IgorPartola · on July 23, 2022

creat is as well if you do the magic correctly. Well except if the file system is network mounted. Maybe. And if another process respects what you are doing.

zamalek · on July 23, 2022

It's trivial to implement with CAS (e.g. Git is a transactional file system). That's a lot of code/time/money/attack surface to spend on the kernel when it is so easy to do in userspace.

hansvm · on July 23, 2022

It's only easy to do in userspace for consenting adults though. The whole point of an OS is to manage contended resources, and this particular contended resource requires every process to implement their own way of safely interacting with every other process

Joker_vD · on July 23, 2022

And now I have flashbacks of trying to use flock(2)/lockf(3) for their intended purposes... such miserably misdesgined (and underdocumented) pieces of file API, bloody hell.

bhawks · on July 23, 2022

The filesystem abstraction can only work when it's used by cooperating, well mannered consenting adults. At it's core it is just a hierarchical key-value store where the core os plays a middle manager role connecting applications looking up keys and filesystem plugins serving values and persisting them onto the kernels block device apis.

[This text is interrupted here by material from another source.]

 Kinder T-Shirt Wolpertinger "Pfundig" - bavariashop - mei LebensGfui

It certainly can be a convenient and productive abstraction but the model itself has very clear natural limits.

bhawks · on July 23, 2022

Transactions are for databases, databases are for sets of 1 or more processes that are coupled to, permissioned for and willing to cooperate with each other.

Transactional operations bring the chance of deadlocks. Deadlocks cause performance and denial of service implications. Deadlocks are far more easier to detect vs prevent vs avoid. Detected deadlocks are resolved by killing one of the requests, which must be handled by the cooperating and highly coupled processes.

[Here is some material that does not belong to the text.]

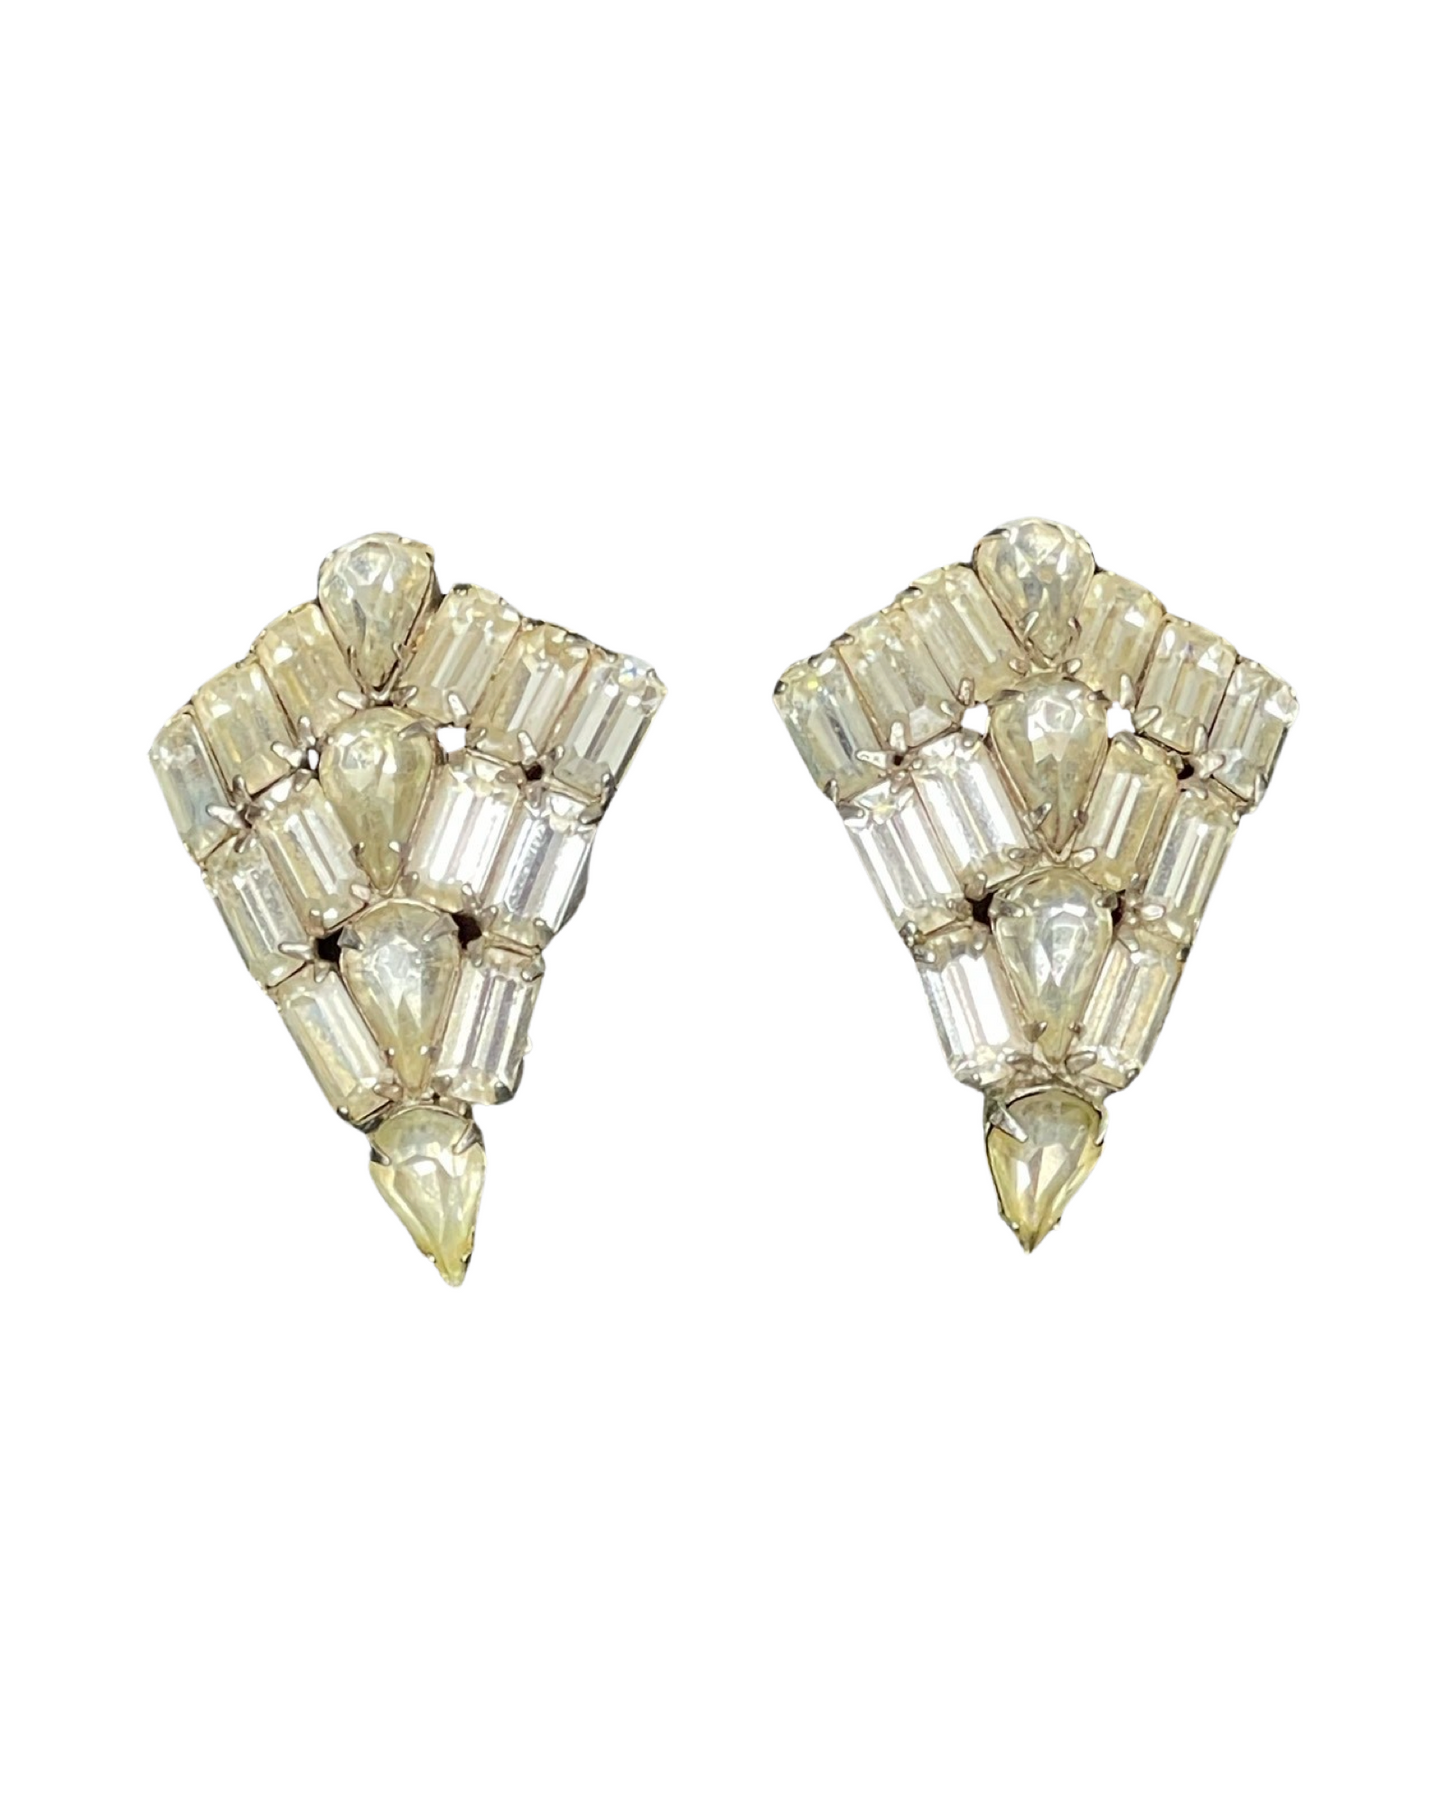 Glam Rhinestone Earrings c. 1920’s

The filesystem is an abstraction of convenience and very loose rules. Instead of all the structure and rigor a database brings a program just gives a string to the os and gets bytes back. The cost of this ease of use is that you must keep your program's demands and expectations low.

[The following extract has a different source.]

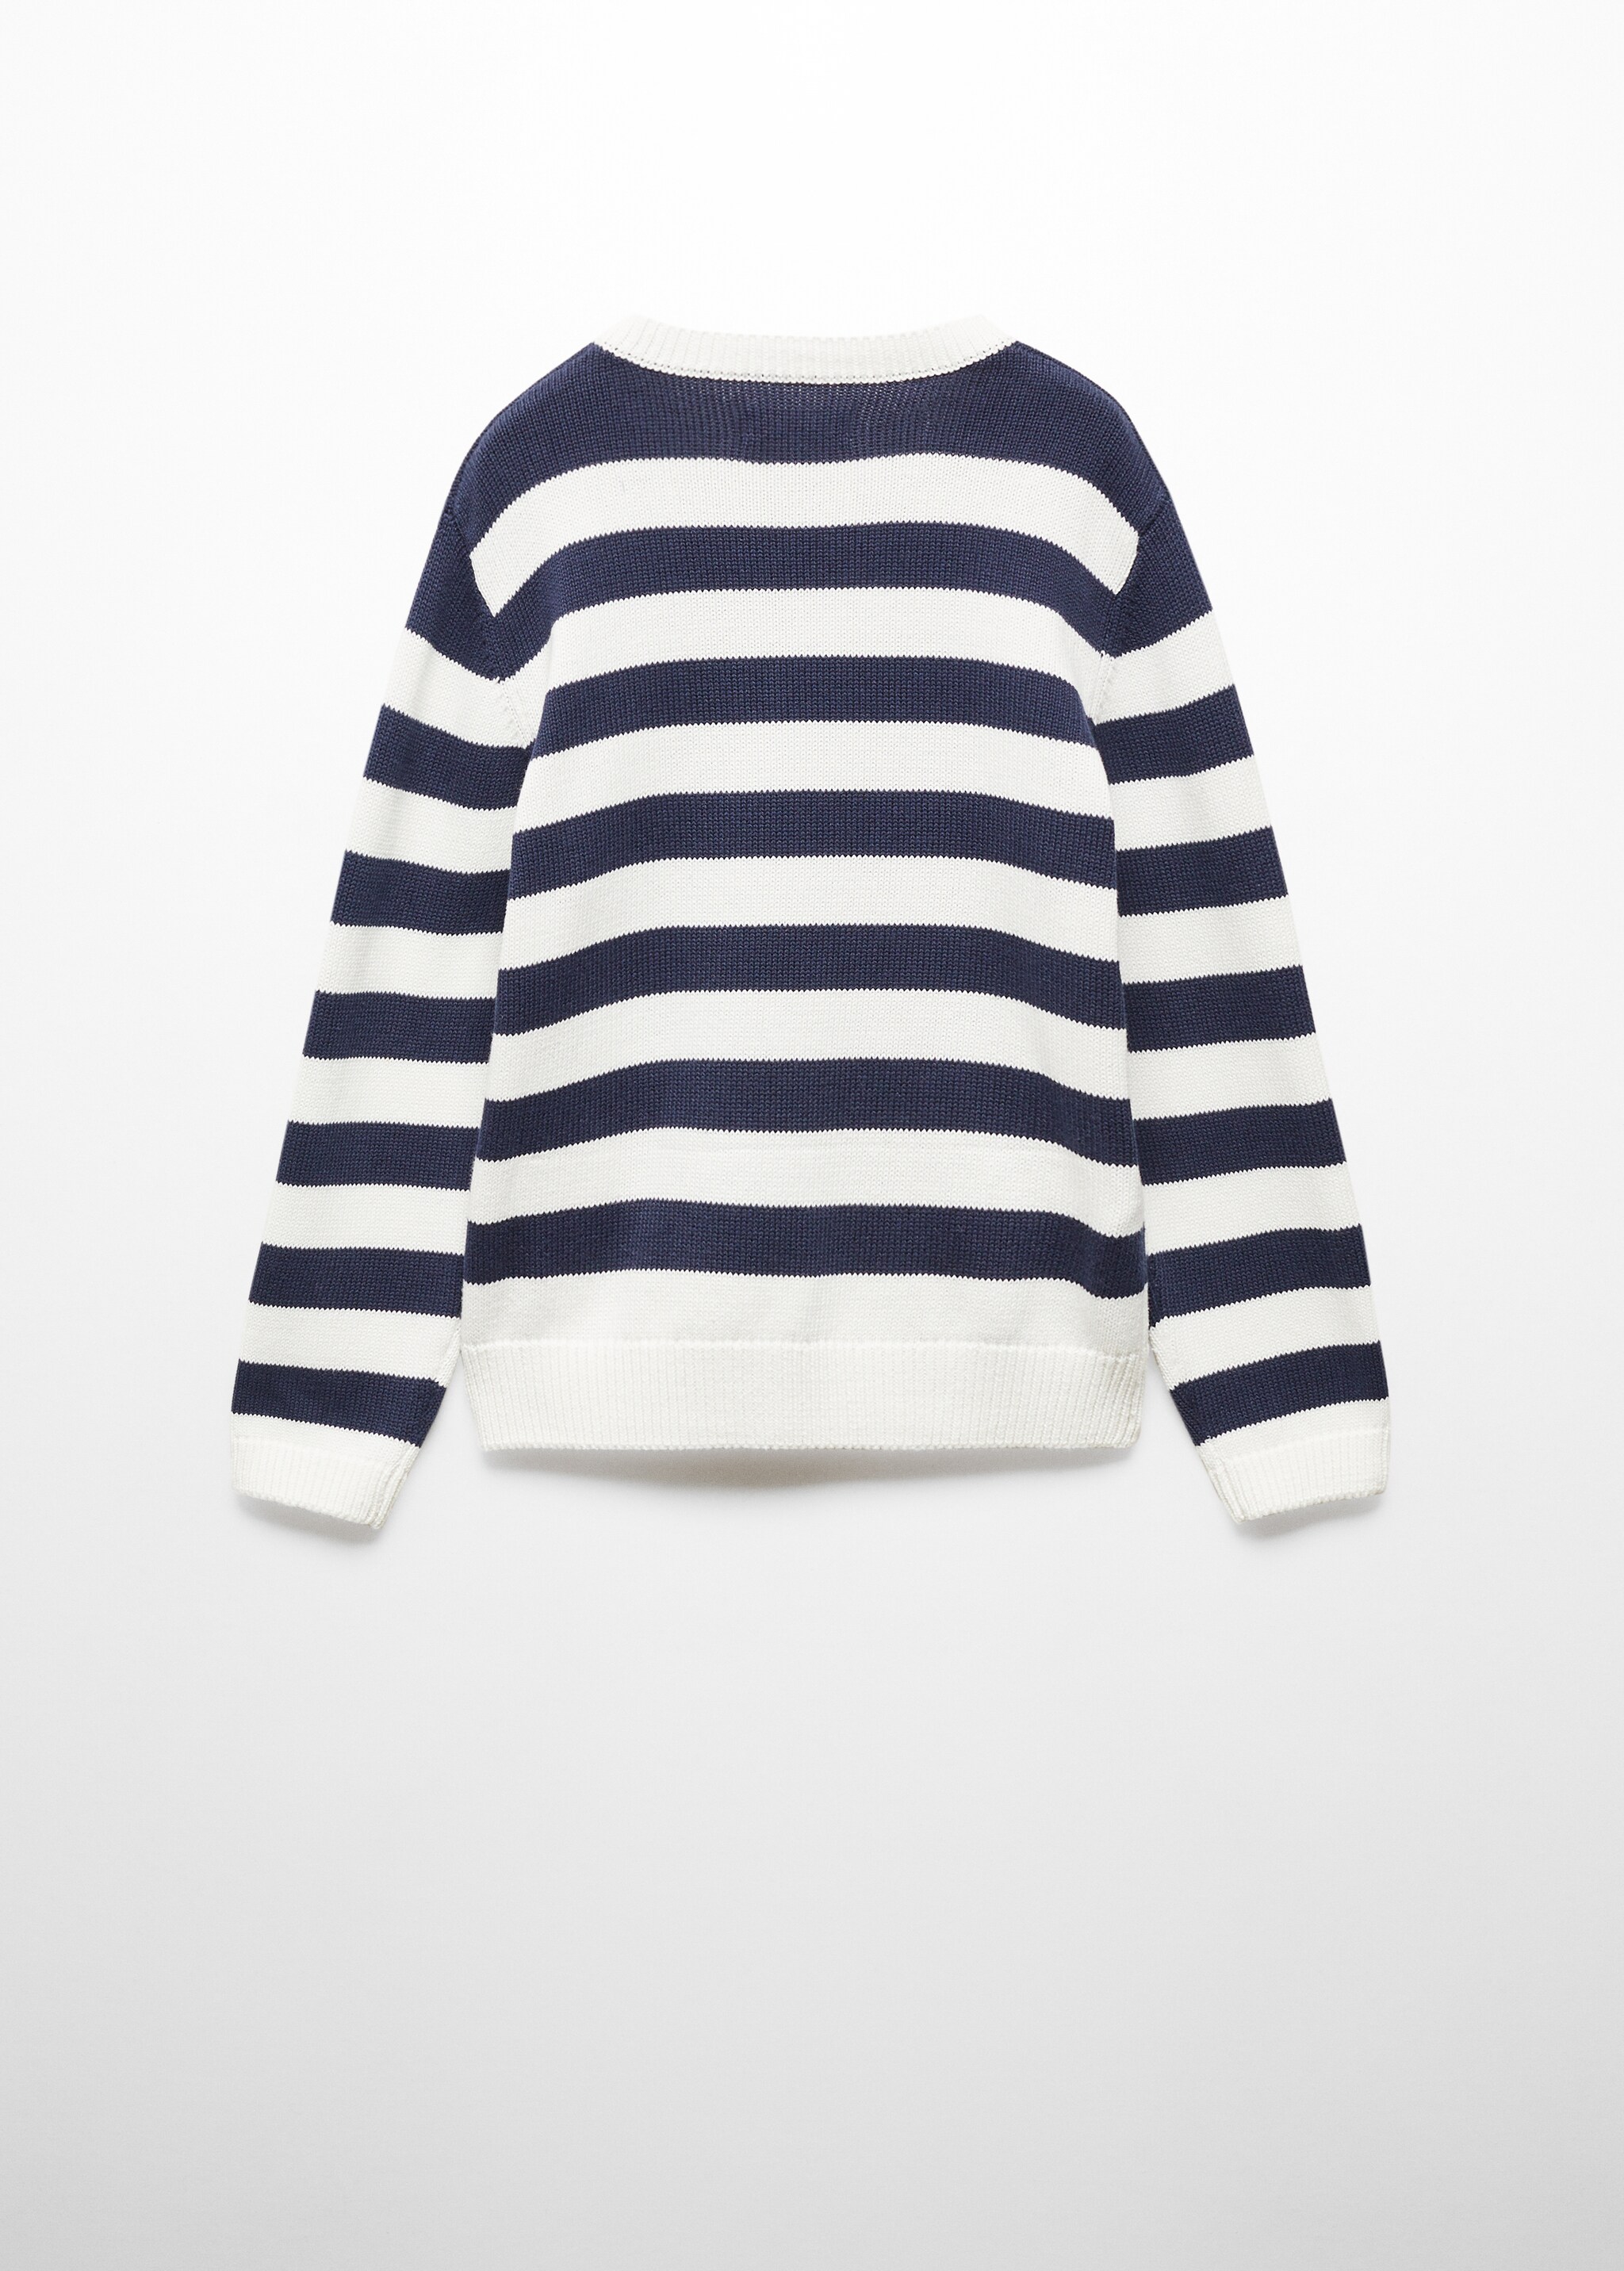 Knit striped sweater - الجهة الخلفية للمنتج

chrismorgan · on July 23, 2022

It feels to me rather like the difference between cooperative versus preemptive scheduling. Some mainstream operating systems used to use cooperative scheduling. All have long shifted to preemptive scheduling. File system transactions would be global in the same way kernel-space cooperative scheduling is—and one malicious or even buggy process can now bring down the whole system.

In a fully controlled environment you could do it, just like you can do cooperative scheduling, but outside of such an environment you just can’t do it in any way sanely.

charcircuit · on July 23, 2022

A filesystem is a database.

wmf · on July 23, 2022

I read that the Tandem NonStop OS from the 1980s had a built-in transaction manager (because the OS was designed to run databases) and they built their filesystem on top of the transaction manager which gave them filesystem transactions for "free".

JPLeRouzic · on July 23, 2022

I think the Pick OS, at least in its native form, had no file system but used a database.

It was very easy to program. I saw colleagues with no computer science education writing complex queries on "Pick Basic", what would have been impossible for them on classical computers of the time (or of today as well).

https://en.wikipedia.org/wiki/Pick_operating_system

TheAceOfHearts · on July 23, 2022

I think macOS at some point supported file system transactions as well. If you look through the AppleScript docs there used to be references to file system transactions, but it appeared incomplete and undocumented.

Would love to hear more details if anyone is knowledgeable of this arcane history.

jbverschoor · on July 23, 2022

I guess the number of comments explain

nobozo · on July 23, 2022

Mike Stonebraker and others are working on an OS that is based on a database.

Take a look at https://vldb.org/pvldb/vol15/p21-skiadopoulos.pdf

jasfi · on July 23, 2022

Concepts like transactions are often about trade-offs between performance and features (which introduce complexity). It's likely that the OS architects realized that if devs wanted transactions they'd use a database.

dmpk2k · on July 23, 2022

ZFS does, although to fully exploit it you'll need to make DMU calls.

gavinhoward · on July 23, 2022

And this is one of the many reasons I use ZFS personally.